Embedded Linux-based Internet of Things (IoT) devices have become the target of a new botnet dubbed PumaBot.
Written in Go, the botnet is designed to conduct brute-force attacks against SSH instances to expand in size and scale and deliver additional malware to the infected hosts.
“Rather than scanning the internet, the malware retrieves a list of targets from a command-and-control (C2) server and attempts to brute force SSH credentials,” Darktrace said in an analysis shared with The Hacker News. “Upon gaining access, it receives remote commands and establishes persistence using system service files.”
The botnet malware is designed to obtain initial access via successfully brute-forcing SSH credentials across a list of harvested IP addresses with open SSH ports. The list of IP addresses to target is retrieved from an external server (“ssh.ddos-cc[.]org”).
As part of its brute-force attempts, the malware also performs various checks to determine if the system is suitable and is not a honeypot.
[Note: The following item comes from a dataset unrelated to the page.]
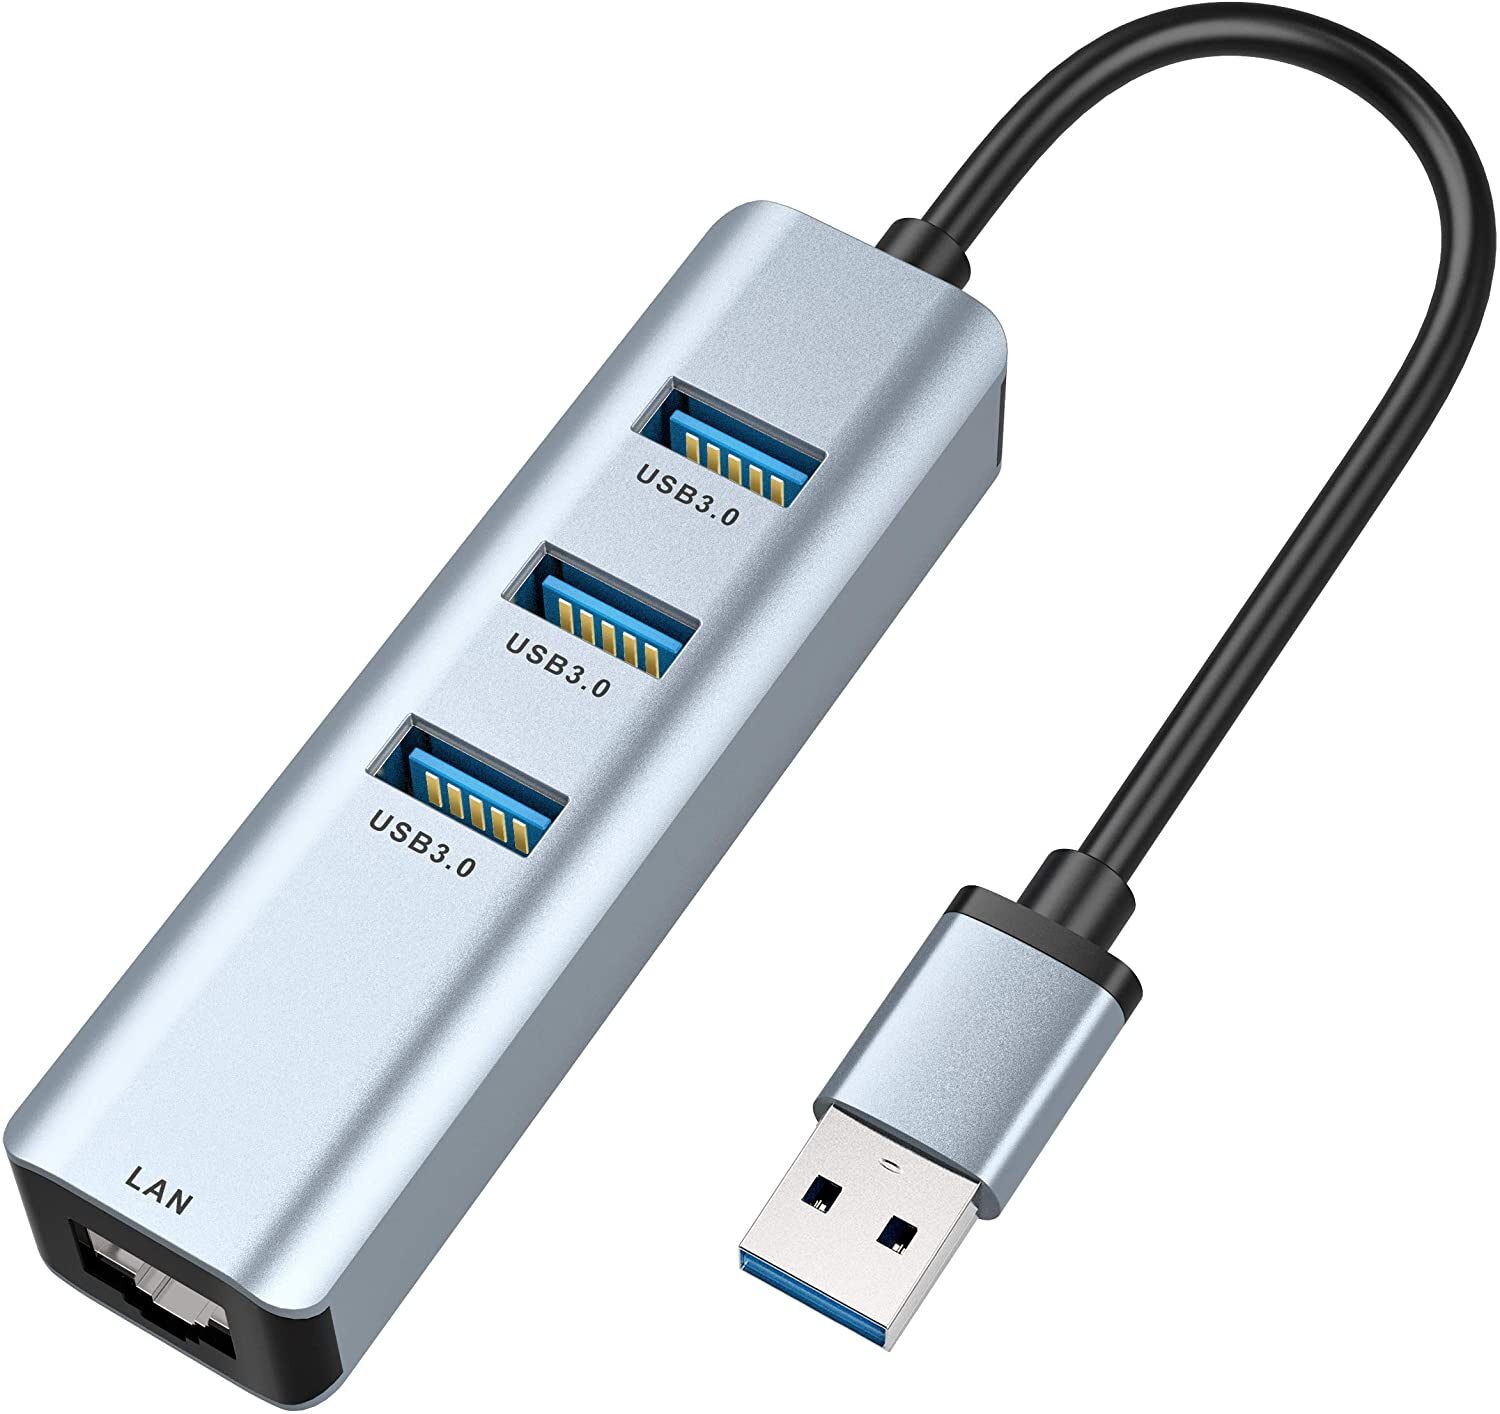 USB 3.0 Ethernet Adapter,ABLEWE 3-Port Hub with RJ45 10/100/1000 Gigabit Ethernet Adapter Support Windows 10,8.1,Mac OS, Surface Pro,Linux,Chromebook More

Furthermore, it checks the presence of the string “Pumatronix,” a manufacturer of surveillance and traffic camera systems, indicating either an attempt to specifically single them out or exclude them.
The malware then proceeds to collect and exfiltrate basic system information to the C2 server, after which it sets up persistence and executes commands received from the server.
“The malware writes itself to /lib/redis, attempting to disguise itself as a legitimate Redis system file,” Darktrace said. “It then creates a persistent systemd service in /etc/systemd/system, named either redis.service or mysqI.service (note the spelling of mysql with a capital I) depending on what has been hardcoded into the malware.”
In doing so, it allows the malware to give the impression that it’s benign and also survive reboots. Two of the commands executed by the botnet are “xmrig” and “networkxm,” indicating that the compromised devices are being used to mine cryptocurrency in an illicit manner.
“I believe the end goal is to deploy a cryptominer, given the reference to XMRig, however since C2 was down at the time of analysis, it can’t be determined what commands were being sent or received,” Tara Gould, threat research lead at Darktrace, told The Hacker News. “It is possible another payload, or cryptominer was being sent from the C2.”
However, the commands are launched without specifying the full paths, an aspect that signals that the payloads are likely downloaded or unpacked elsewhere on the infected host. Darktrace said its analysis of the campaign uncovered other related binaries that are said to be deployed as part of a broader campaign –
- ddaemon, a Go-based backdoor which is retrieve the binary “networkxm” into “/usr/src/bao/networkxm” and execute the shell script “installx.sh”
- networkxm, an SSH brute-force tool that functions similar to the botnet’s initial stage by fetching a password list from a C2 server and attempts to connect via SSH across a list of target IP addresses
- installx.sh, which is used to retrieve another shell script “jc.sh” from “1.lusyn[.]xyz,” grant it read, write, and execute permissions for all access levels, run the script, and clear bash history
- jc.sh, which is configured to download a malicious “pam_unix.so” file from an external server and use it to replace the legitimate counterpart installed on the machine, as well as retrieve and run another binary named “1” from the same server
- pam_unix.so, which acts as a rootkit that steals credentials by intercepting successful logins and writing them to the file “/usr/bin/con.txt”
- 1, which is used to monitor for the file “con.txt” being written or moved to “/usr/bin/” and then exfiltrate its contents to the same server
Given that the SSH brute-force capabilities of the botnet malware lends it worm-like capabilities, users are required to keep an eye out for anomalous SSH login activity, particularly failed login attempts, audit systemd services regularly, review authorized_keys files for the presence of unknown SSH keys, apply strict firewall rules to limit exposure, and filter HTTP requests with non-standard headers, such as X-API-KEY: jieruidashabi.
“The botnet represents a persistent Go-based SSH threat that leverages automation, credential brute-forcing, and native Linux tools to gain and maintain control over compromised systems,” Darktrace said.
“By mimicking legitimate binaries (e.g., Redis), abusing systemd for persistence, and embedding fingerprinting logic to avoid detection in honeypots or restricted environments, it demonstrates an intent to evade defenses.”